From the EYTO project experience, a further initiative has arisen: the EYTO-kids (European Youth Tackling Obesity in Adolescents and Children) project in Reus. The present project aims to improve lifestyles using peer-led mentorship conducted by adolescents in their first and second years of high school, who are designated adolescent creators (ACs), and applied to younger peers in the third and fourth grades of primary school (henceforth called younger peers). Our hypothesis is that educational intervention activities based on SMBC that were designed by ACs and conducted with younger peers living in disadvantaged neighborhoods would be effective at improving lifestyles.
This paper describes the EYTO-kids project protocol.

2. Methods/Design

2.1. Study Aims

The principal aims of this study are to increase fruit and/or vegetable consumption and extracurricular physical activity, decrease sedentary lifestyles and reduce the intake of sugary drinks and fast food using an innovative methodology based on social marketing and youth involvement. The project involves the design and implementation of health-promoting activities performed by adolescents and applied to their younger school peers.

2.2. Study Design and Setting

The EYTO-kids project is a school-based pilot cluster randomized controlled intervention with a duration of 2 academic years (2015–2016 and 2016–2017) that is being conducted for 10 months in Reus, Spain. In Reus, 20 public primary schools and 8 high schools that serve low-income neighborhoods were identified. Of these schools, 4 public primary schools and 1 high school decided not to participate in this project. The randomization code was computer generated with Research Randomizer software (Geoffrey C. Urbaniak and Scott Plous, Lancaster, PA, USA) [20]. Furthermore, the unit responsible for the randomization was separate from the study researchers. Because the researchers knew the names of the schools, the allocation was not blinded. Then, the primary schools and high schools were assigned to the control or intervention arm at a ratio of 1:1 via an interactive electronic response system hosted by the Nutrition and Health Technology Centre (CTNS) in Reus, Spain. The unit responsible for the randomization will take no further part in the study. Because the researchers know the names of the 4 high schools, allocation concealment is not performed. The intervention group will receive the intervention; no intervention will be performed for the control group. An evaluation will be performed before and after the intervention in both participant groups (Figure 1).
All participants will have informed consent forms signed by their parents or guardians. The EYTO-kids project has the approval of the Ethical Committee of the Hospital Universitari Sant Joan de Reus (ref: 16-01-28/1proj1), and the trial is registered with ClinicalTrials.gov (NCT02702336).
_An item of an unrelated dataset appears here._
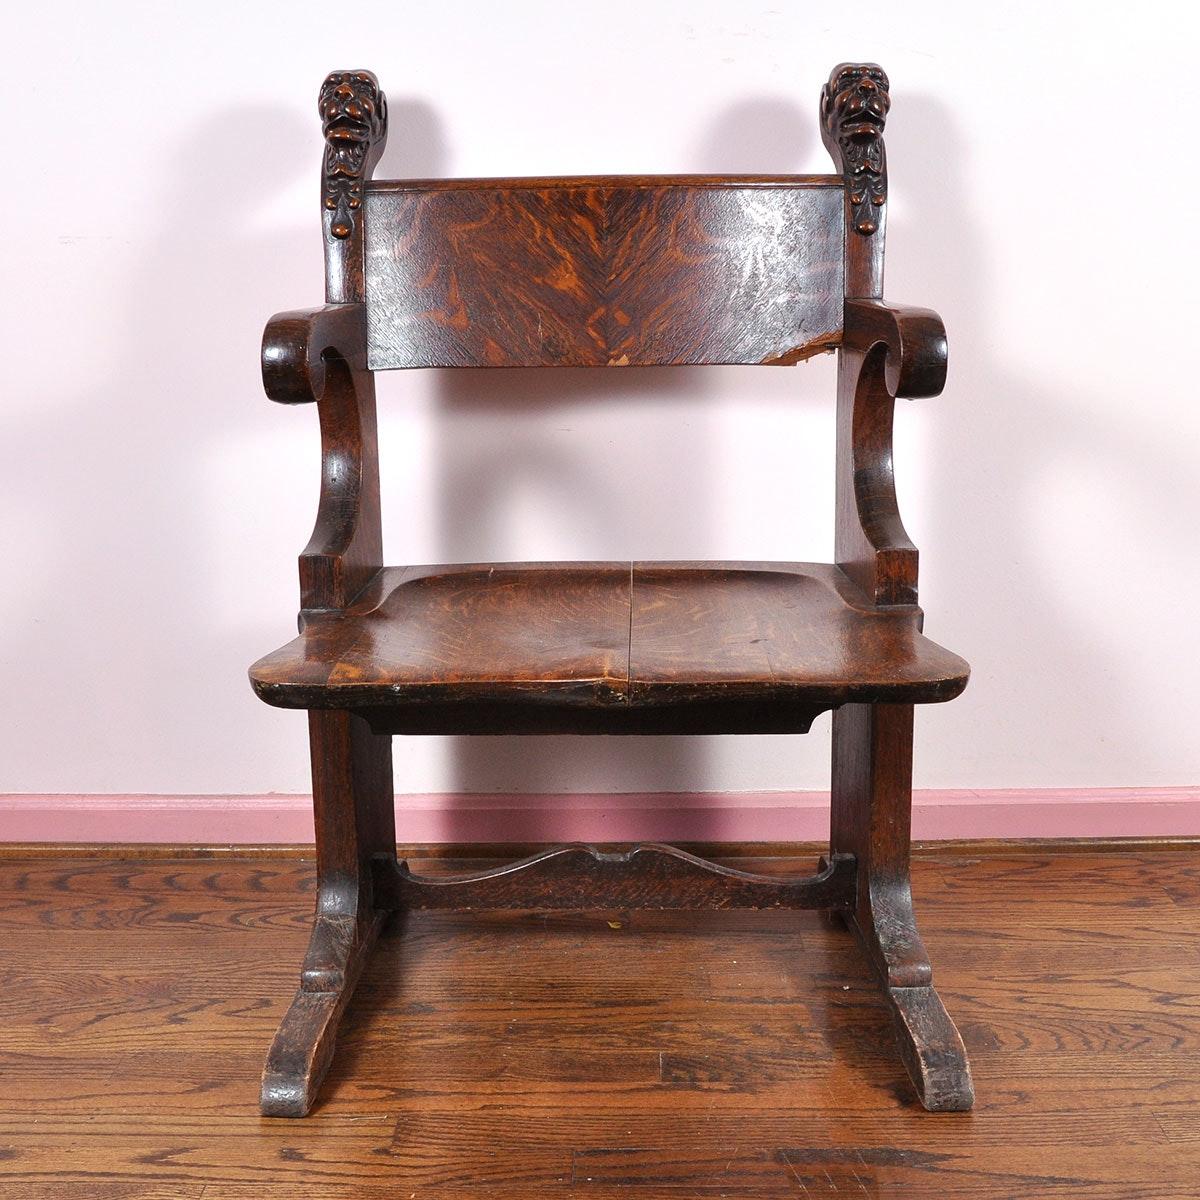 Stomps-Burkhardt Oak Gothic Throne Chair ... & Stomps-Burkhardt Oak Gothic Throne Chair : EBTH
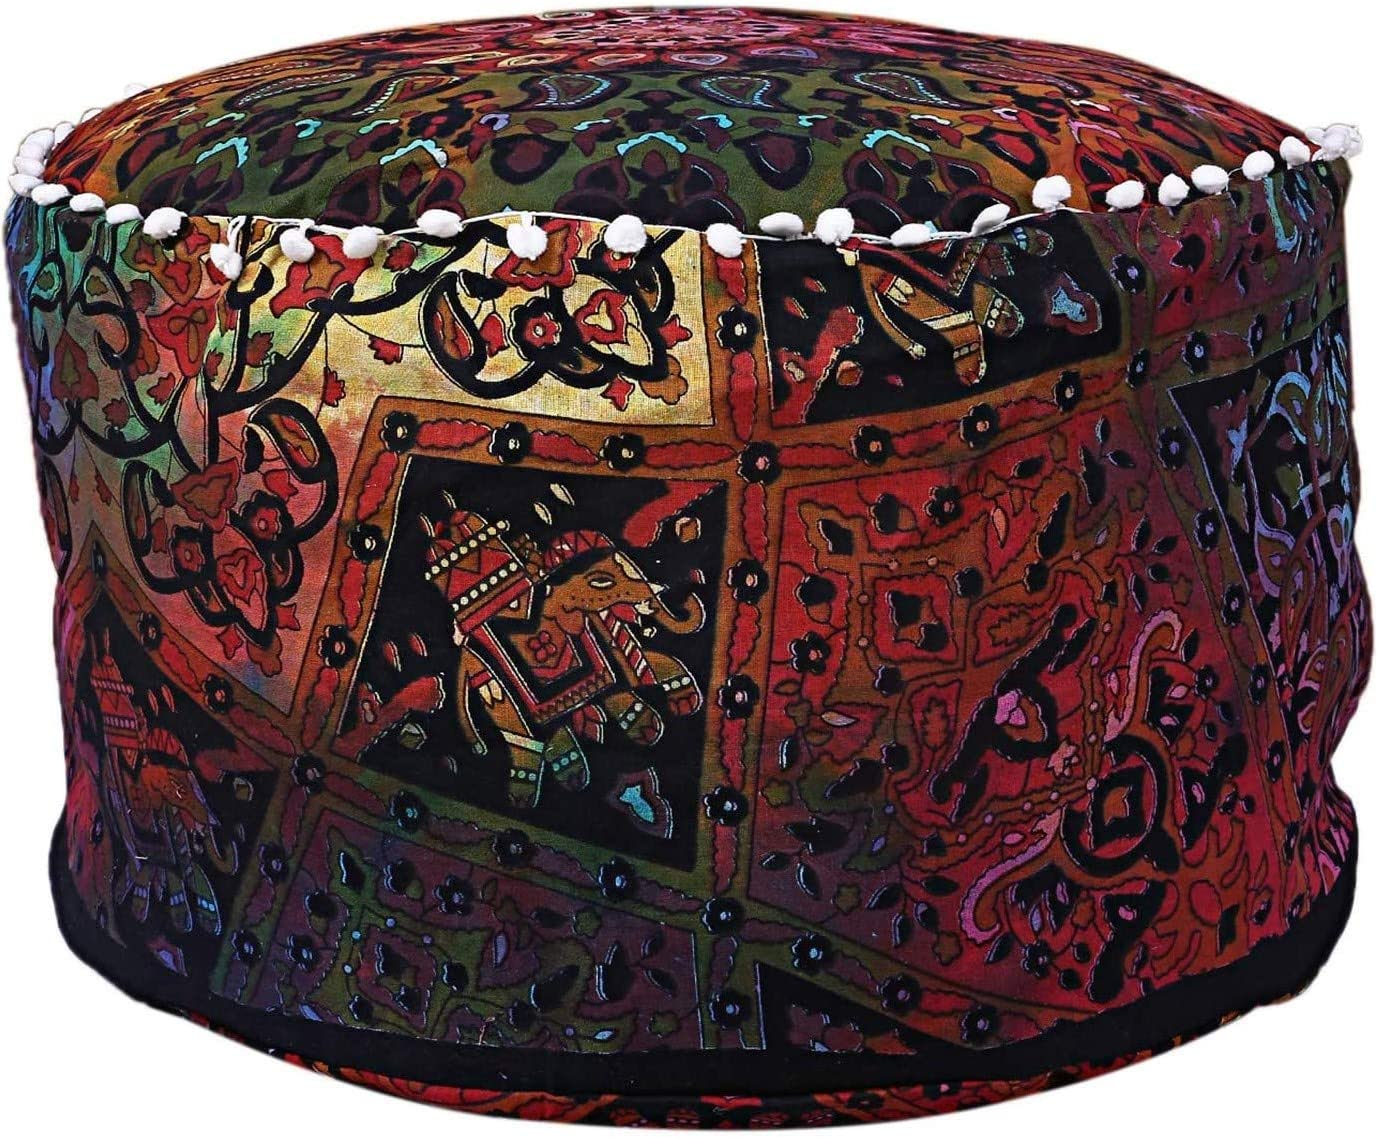 Indian Mandala Pouf Ottoman Cotton Floor Pillow Hippie Boho Decorative Home Decor Footstool Cover Bohemian (Multi)

The protocol is in accordance with the Helsinki Declaration and the Good Clinical Practice guidelines of the International Conference on Harmonization (ICH GCP). This randomized trial is being conducted according to CONSORT 2010 guidelines. Furthermore, this study adheres to the following Standard Protocol Items: Recommendations for Interventional Trials (SPIRIT) (Supplementary Materials 1) and Better reporting of interventions: template for intervention description and replication (TIDier) protocol guidelines (Supplementary Materials 2).

2.3. Youth Participants and Professional Experts

2.3.1. ACs in High Schools

The inclusion criteria are as follows: adolescent in the first and second year of secondary mandatory high school (ESO, a Spanish abbreviation), attendance at one of the four randomized high schools designated as the intervention group, signed (by the students and their parents) informed consent, basic demographic data (name and date of birth) and completion of a lifestyle questionnaire before and after the intervention implementation. The exclusion criteria will be considered the lack of any inclusion criteria.
The project will be offered to 26–32 ACs per high school, involving a total of 104 ACs in the intervention group.
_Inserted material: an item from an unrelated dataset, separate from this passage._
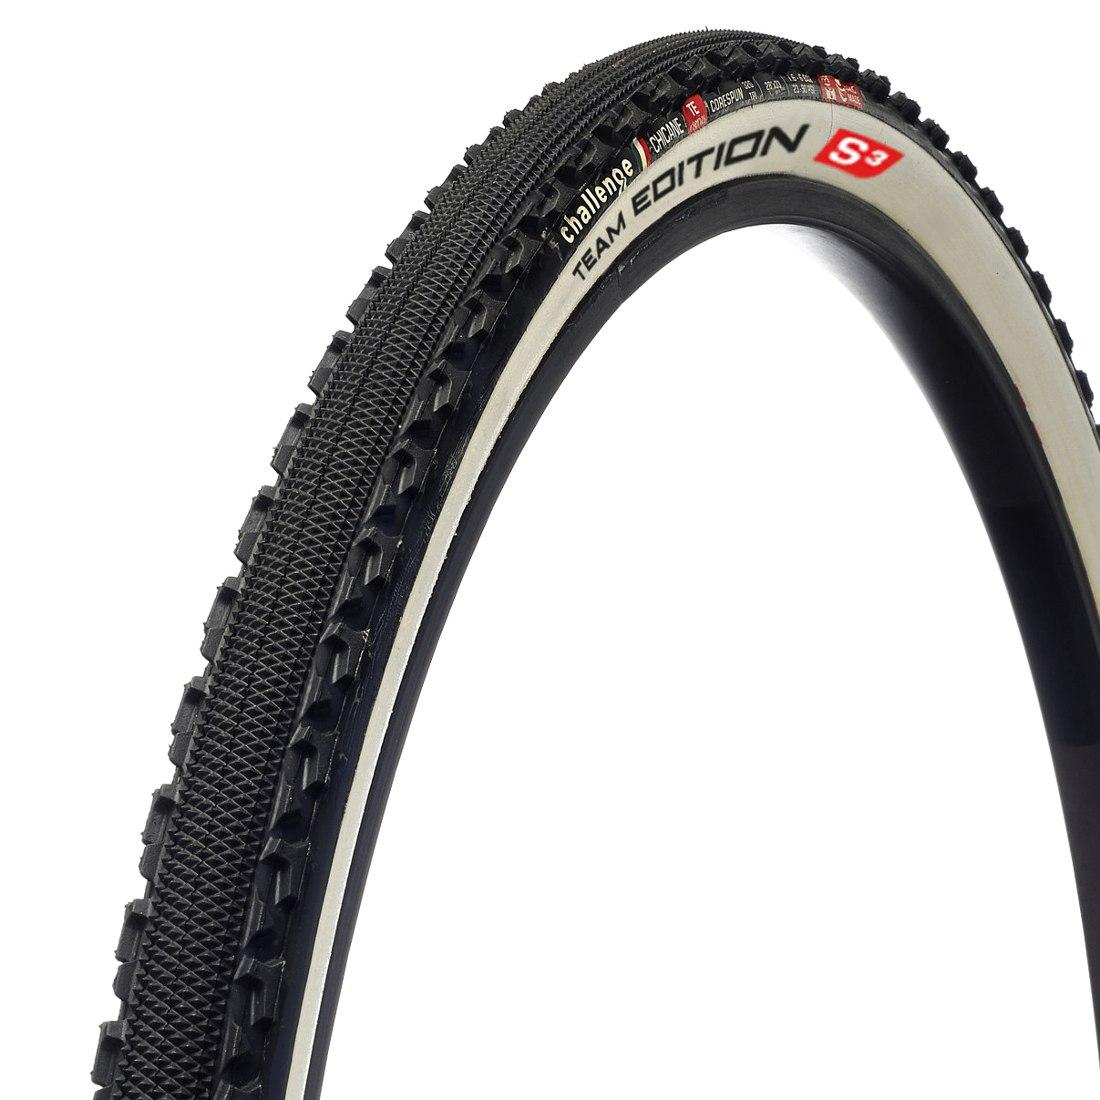 Challenge Chicane Team Edition S Tubular Tire - 33-622

2.3.2. Younger School Peers in Primary Schools

The inclusion criteria are as follows: younger school peers in the third and fourth grades of primary school, attendance at one of the 8 primary schools randomized in the study, an informed consent form signed by parents, basic demographic data (name and date of birth) and completion of a lifestyle questionnaire before and after the intervention implementation. The exclusion criteria will be considered the lack of any inclusion criteria.

2.3.3. Professionals Experts

(a) Physicians: Physicians specializing in health education and promotion are responsible for devising the experimental protocol and conducting meetings with stakeholders (policy makers, schools and high school directors). The physicians will create the study design, and perform and revise the evaluation process of the present study.
(b) Nutritionists: Nutritionists specializing in health education and promotion are responsible for the recruitment of ACs from high schools and younger school peers from primary schools via meeting with professors and directors. Nutritionists will support the study design and perform evaluations of the primary and secondary outcomes of the present study. Furthermore, nutritionists are responsible for the standardized direction of AC activities and their implementation in primary schools.
(c) Managers: Managers will coordinate the professionals participating in the study, supervise the scientific work and evaluate the cost of the study activities.

2.4. Intervention

2.4.1. Selection of Adolescents and Process of Contact in High Schools

First, teachers from high schools will choose the ACs while following the inclusion criteria. When ACs are chosen, professionals will coordinate the visits in high schools to implement the training of ACs. The directors of high schools will plan an appropriate schedule for conducting the training of ACs (respecting the total hours of training), and professionals will go to the high schools to train the ACs at the agreed upon hours. The training will be implemented during different subject hours (natural science, tutorial, physical education and sports) or extracurricular hours so that lessons from the same subject are not affected. Then, the ACs of each high school will design one activity (1 for the secondary aim), and they will present the activity to their AC peers of other high schools in a combined session at Universitat Rovira i Virgili, considering that all the ACs will have to implement the 4 activities in primary schools. After this combined session, professionals of Universitat Rovira i Virgili will standardize each activity in each of the high schools 15 days before the implementation of the activity in the primary schools. Finally, the ACs will implement the activity in the primary schools. Then, to avoid long journeys of the ACs from high school to primary school and the loss of academic hours, primary schools located within 10 min around the high school will be chosen.
Additionally, professionals of Universitat Rovira i Virgili will have meetings with directors of primary schools to plan 2 h of activity implementation over the first academic course (1 h in April and 1 h in May 2016) and then 2 h over the second academic course (1 h in October and 1 h in November 2016). Children in primary schools will receive only 2 activities (1 h/activity) over the first academic course (2015–2016) and 2 activities (1 h/activity) over the second academic course (2016–2017), in curricular hours.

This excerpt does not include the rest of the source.